The series consists of twelve works. Each work consists of blank canvas pieces and parts of a painting sewn together.

I disrupt the integrity of the overall image of each piece by covering part of the work with a piece of blank, gray canvas. The viewer’s gaze stumbles upon the rectangle pieces of canvas, which acts like a kind of annoying barrier, a wall that prevents them from perceiving the image in the way that they are used to. The trained brain is content with the minimum amount of information it receives through sight and more likely “guess” what the image is rather than “sees” it. 

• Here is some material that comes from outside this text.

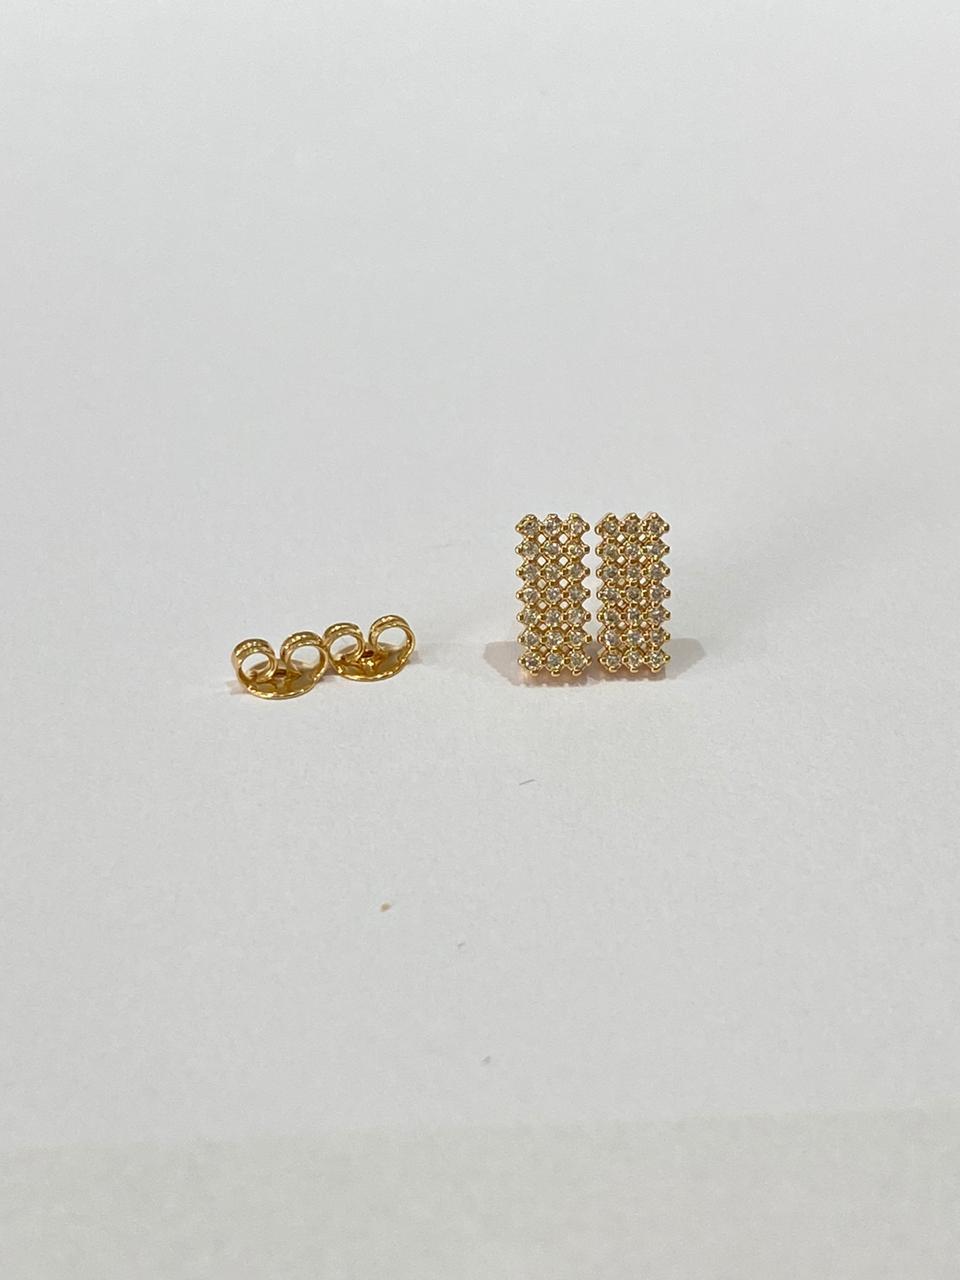 Brinco Pequeno Cravejado Zircônia Branca Banho em Ouro 18 k
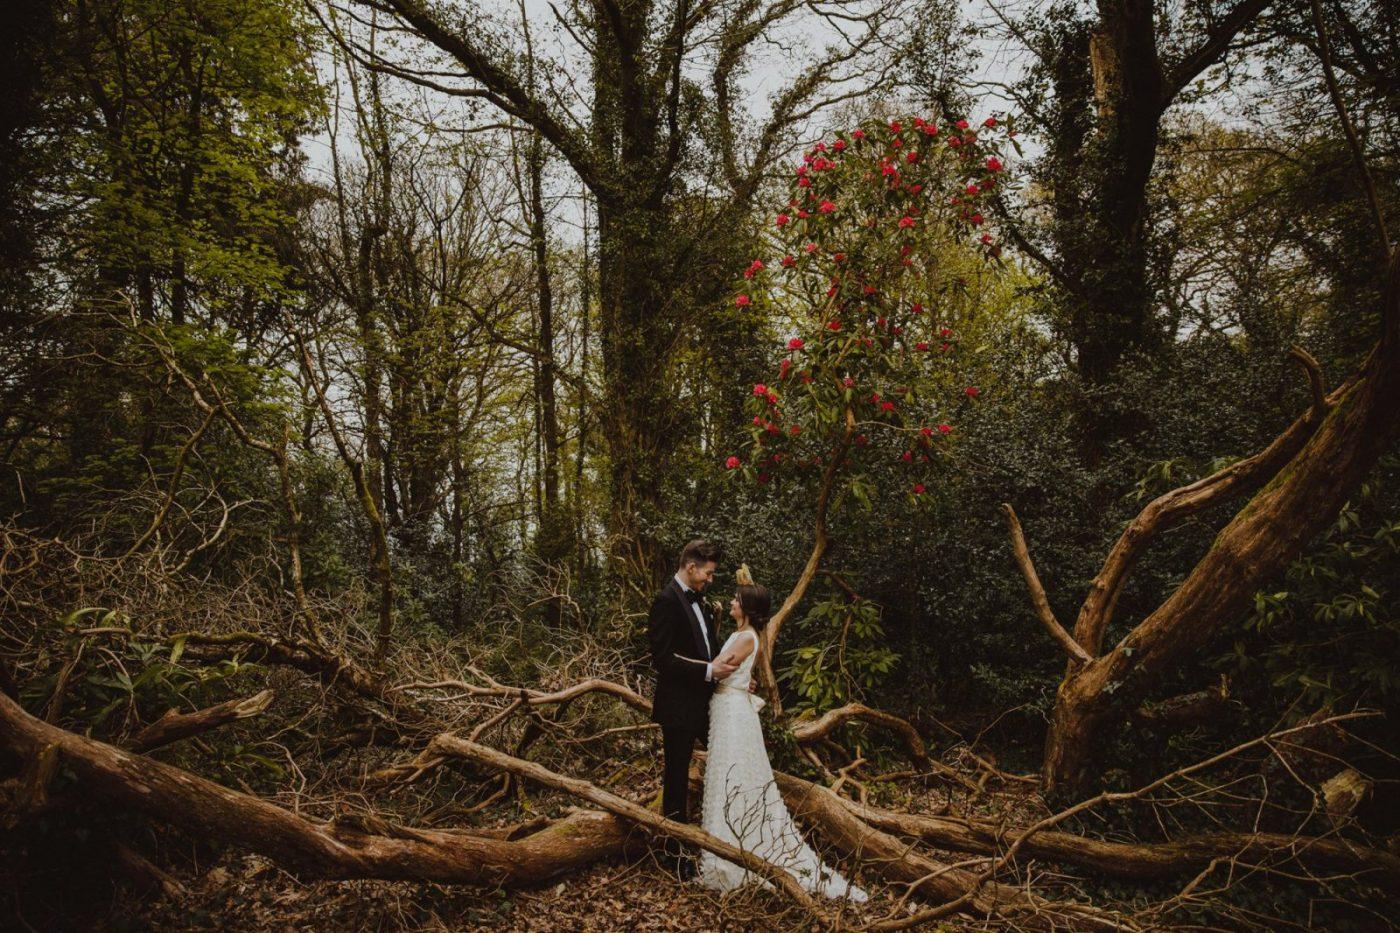 Virginia Park Lodge Wedding Venue

We have our senses of perception and possess certain knowledge, ideas, and convictions that collectively allow us to “create” our own familiar realities in real-time. The blank canvas symbolizes the raw, inaccessible reality that is beyond the scope of human perception. It is on the “surface” of this raw material that we “draw” our own realities and lives. The gray, raw pieces of canvas sewn in destroy the illusion of the image, underneath which lies the physical, material basis of the picture. 

How much of the image can be removed without the viewer no longer being able to recognize what the image is of? It turns out that all it takes is a few recognizable details, such as a part of a tree, a stone, a wave, are enough for the brain to “complete” the entire landscape, the image. The “story” of the image prevails – the grey canvas only acts as a veil that slightly obscures the narrative that the artist wants to tell. The brain fills in the blanks based on what it is familiar and remains satisfied. 

Only when the sewn in canvas is large enough to cover almost the entirety of the picture, reaching the edges of it, does the image transform from the representative into the abstract. The viewer sees the composition as a collection of abstract colors and shapes and does not try to guess what the content of the image is. The rectangle piece of sewn in canvas becomes a natural part of the composition.